Could every line of the listing be output exactly, with the pictures skipped?

_The data_.
--------------------

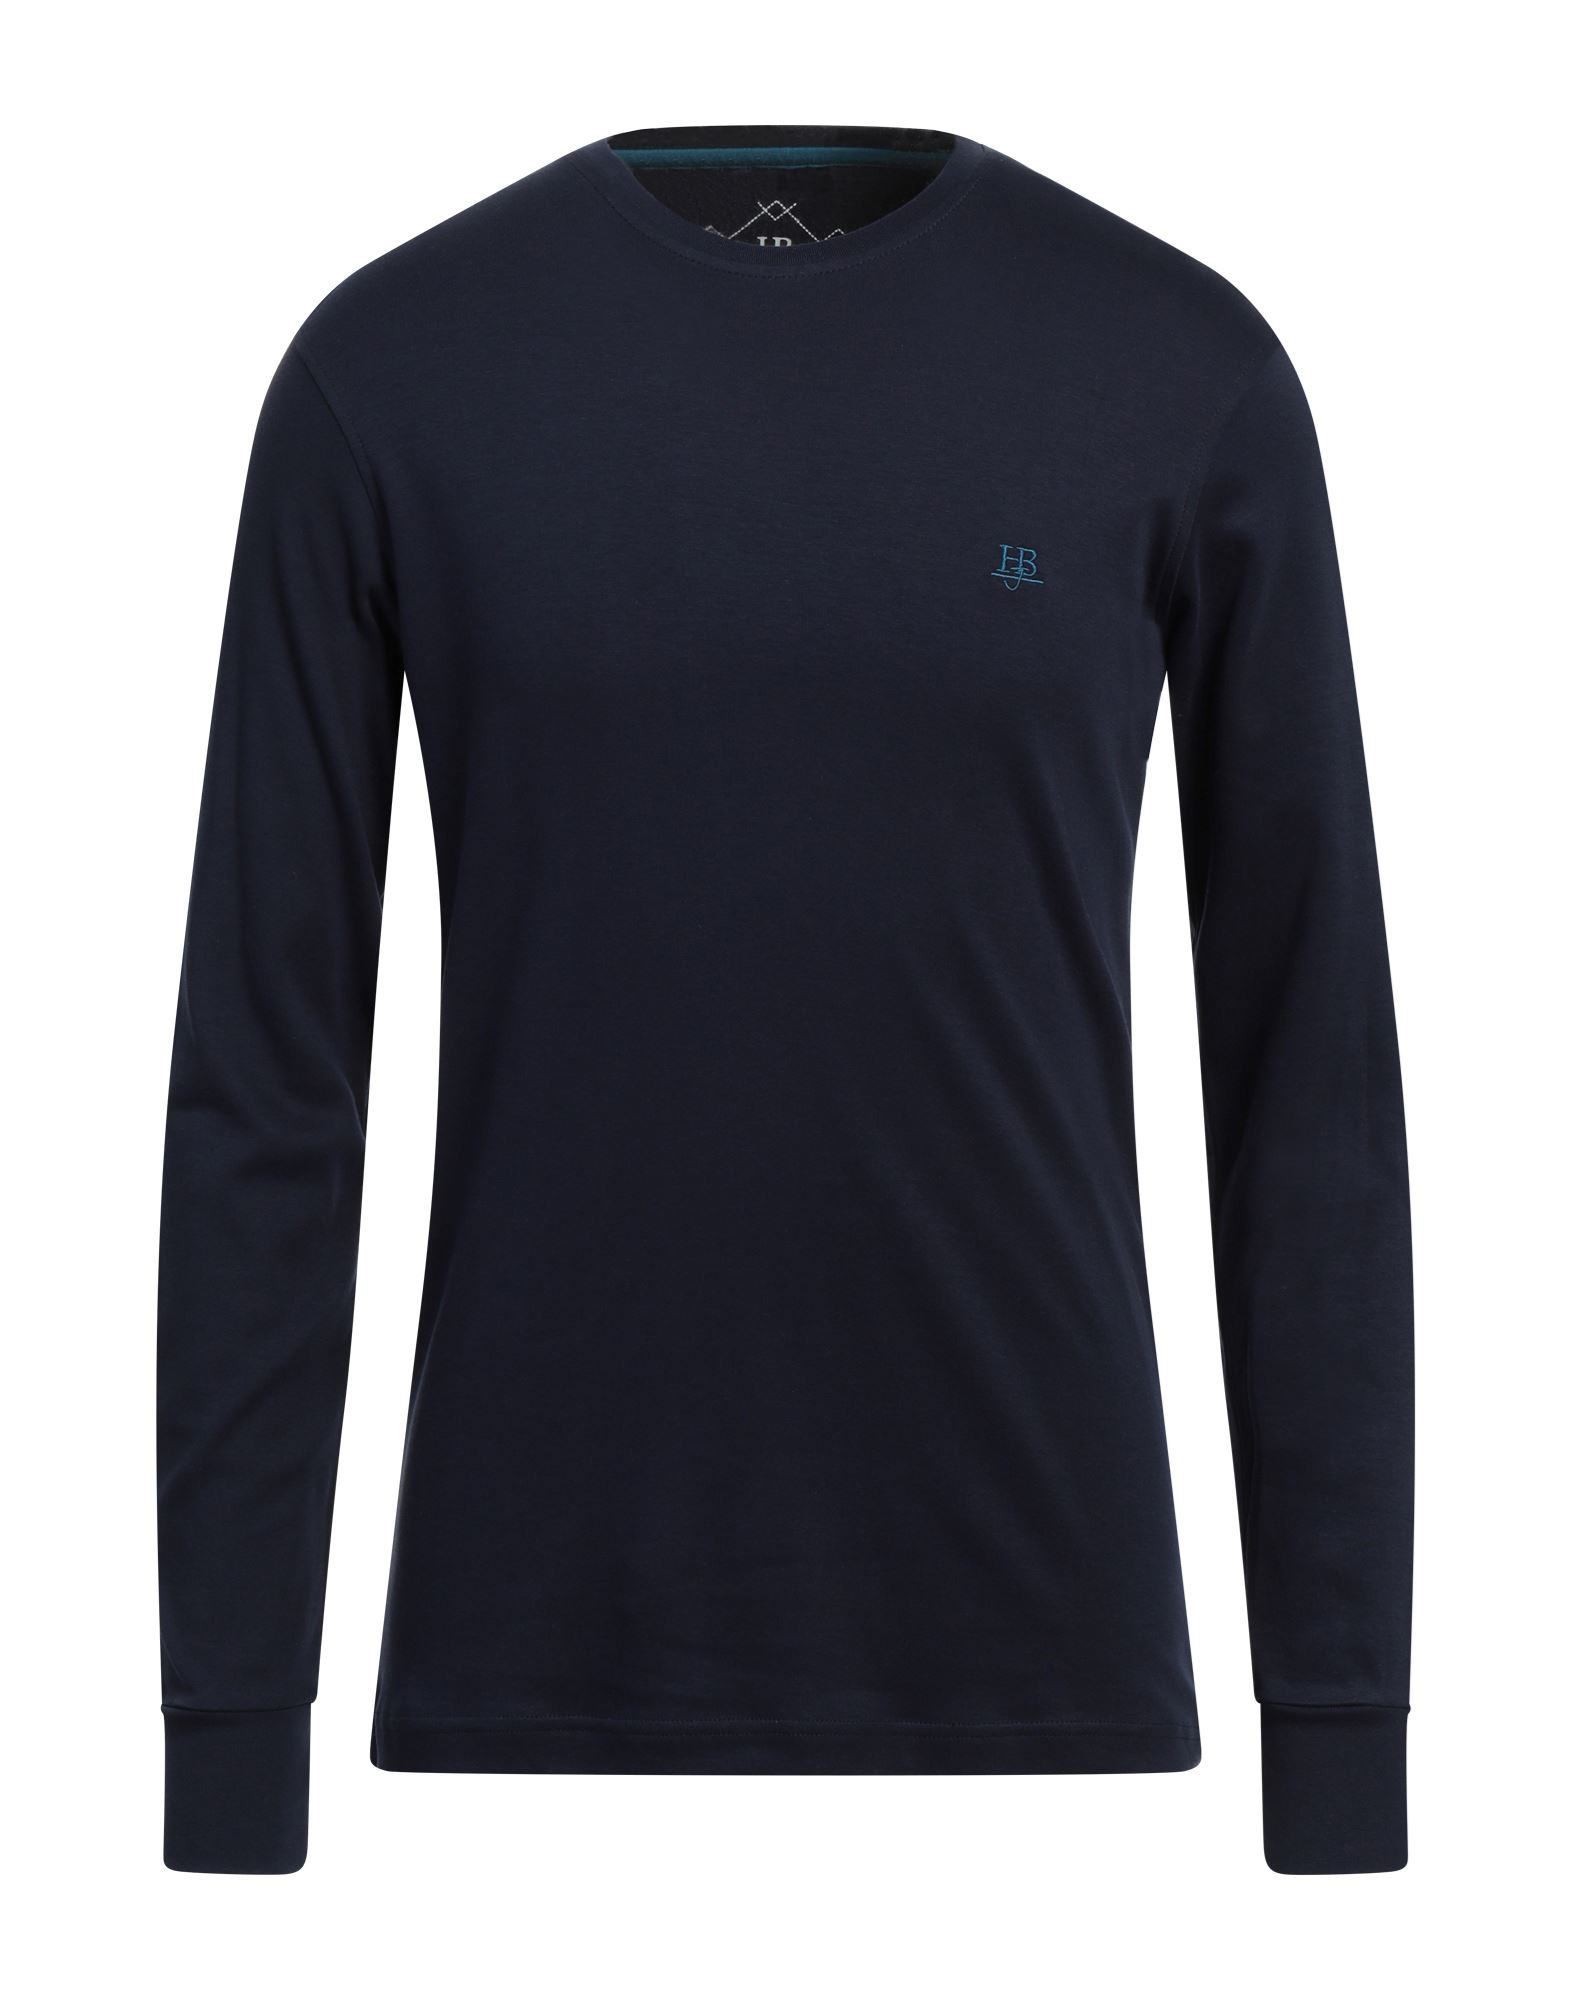 HARMONT & BLAINE T-shirts Herren Nachtblau von HARMONT & BLAINE
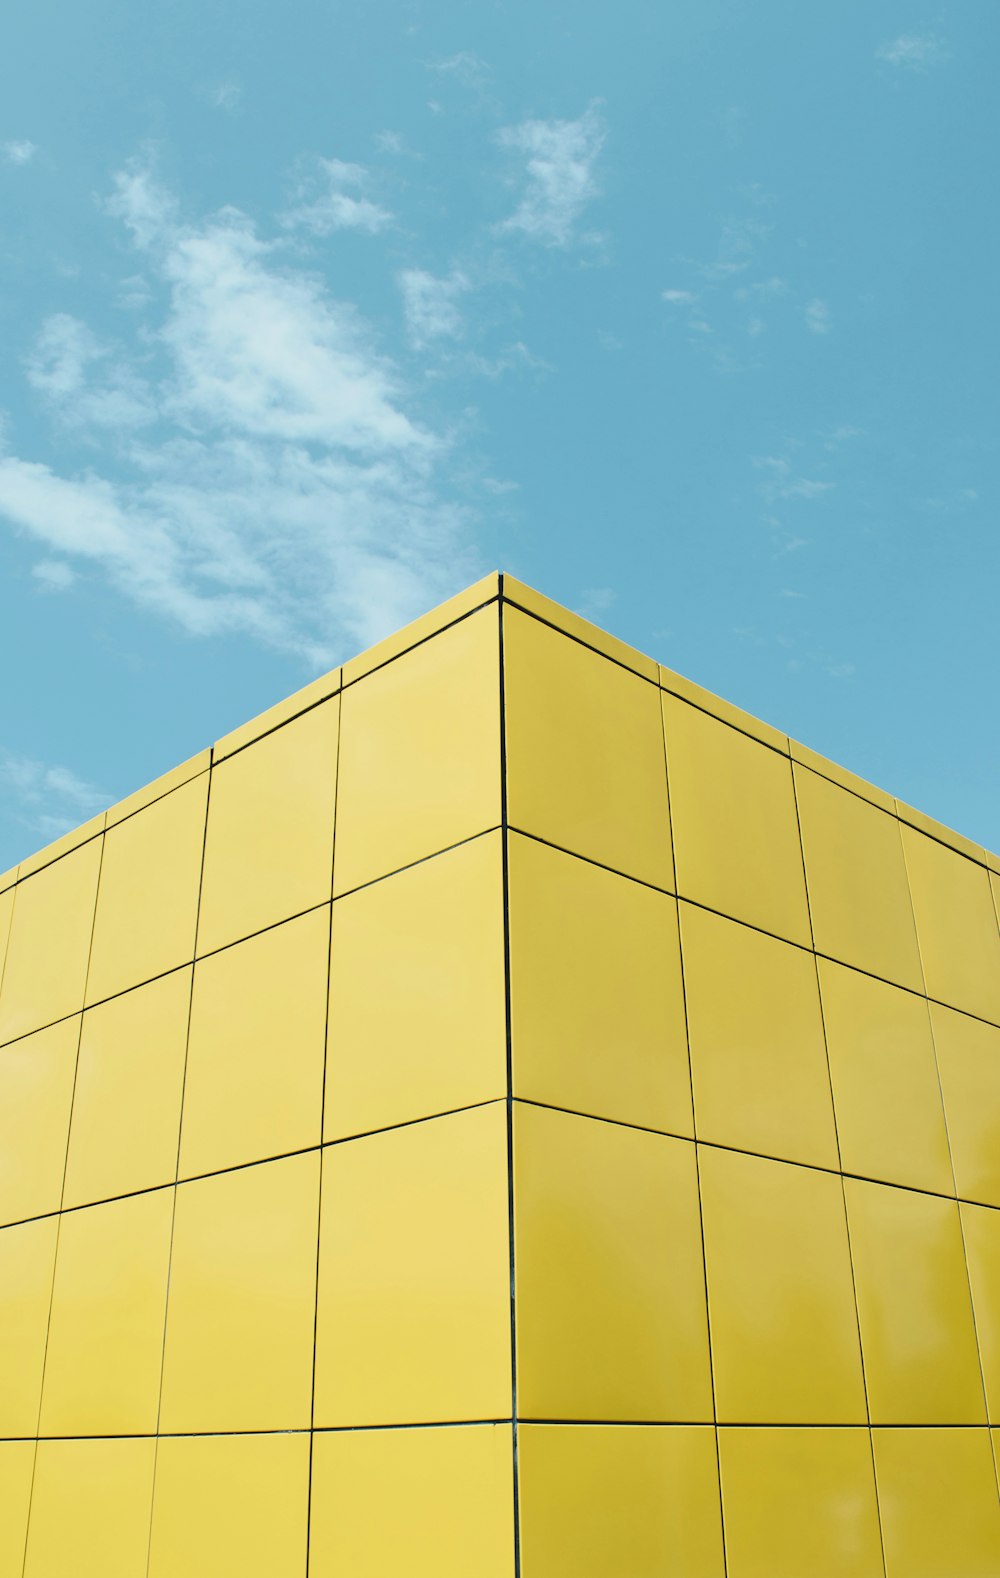 Edificio amarillo bajo el cielo azul durante el día
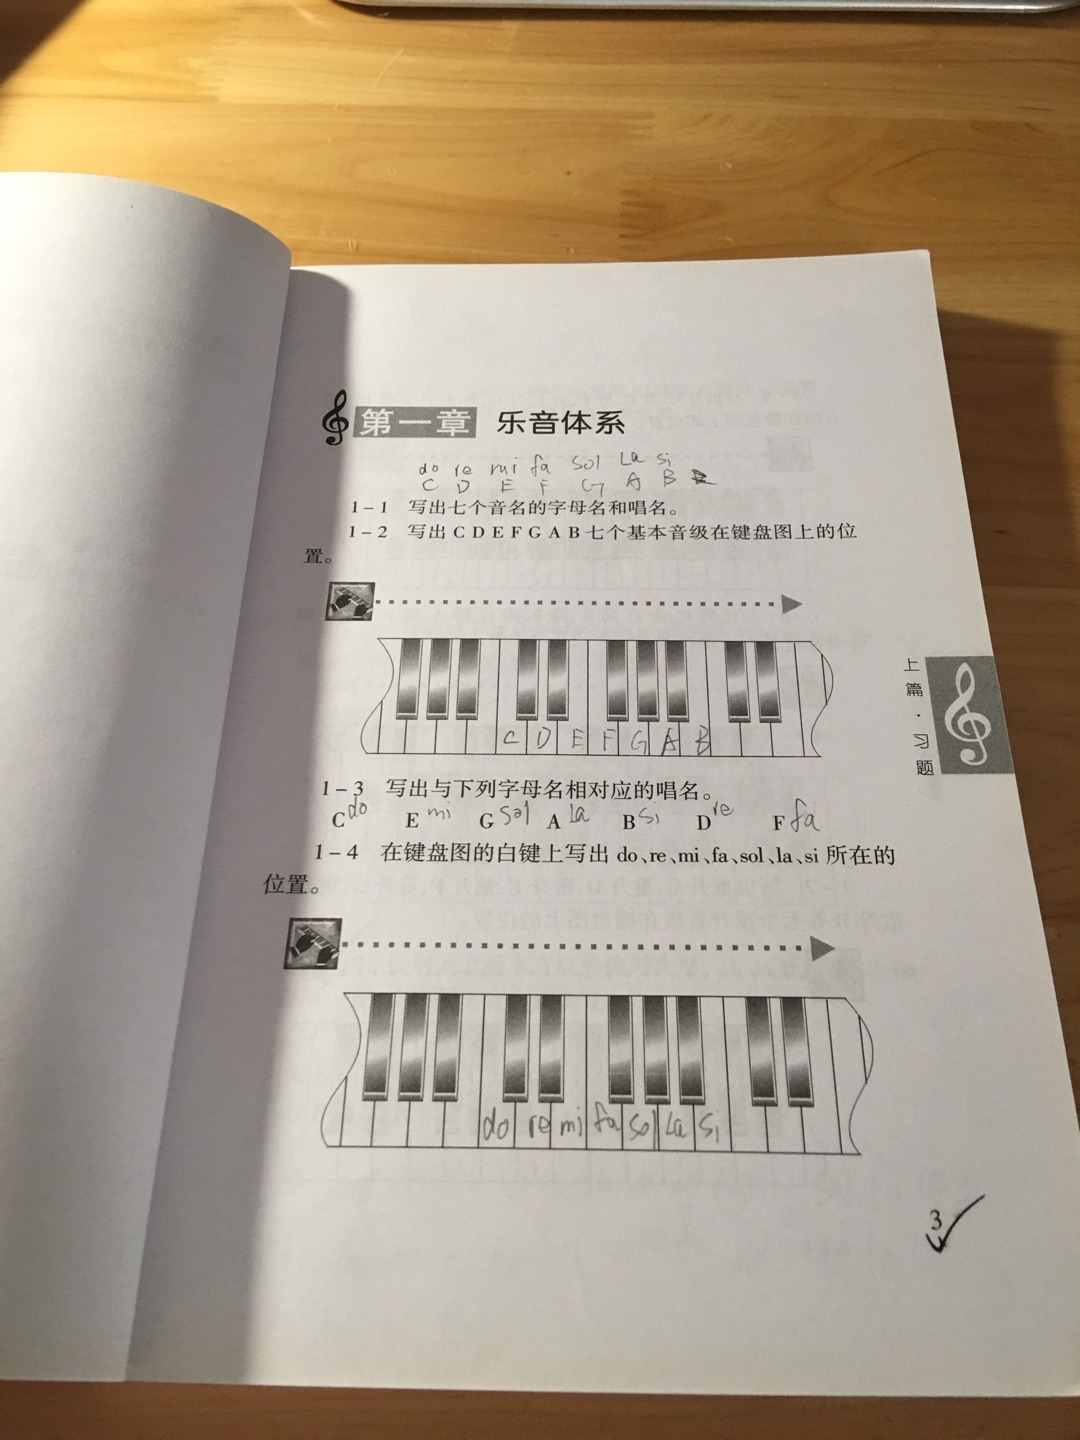 儿子学校的老师推荐使用音乐教材，一下子买了李重光的一系列的音乐基本理论书籍，通过学习增长知识

--------------------

_Solution for this problem_.
 HARMONT & BLAINE T-shirts Herren Nachtblau von HARMONT & BLAINE
 Edificio amarillo bajo el cielo azul durante el día
 儿子学校的老师推荐使用音乐教材，一下子买了李重光的一系列的音乐基本理论书籍，通过学习增长知识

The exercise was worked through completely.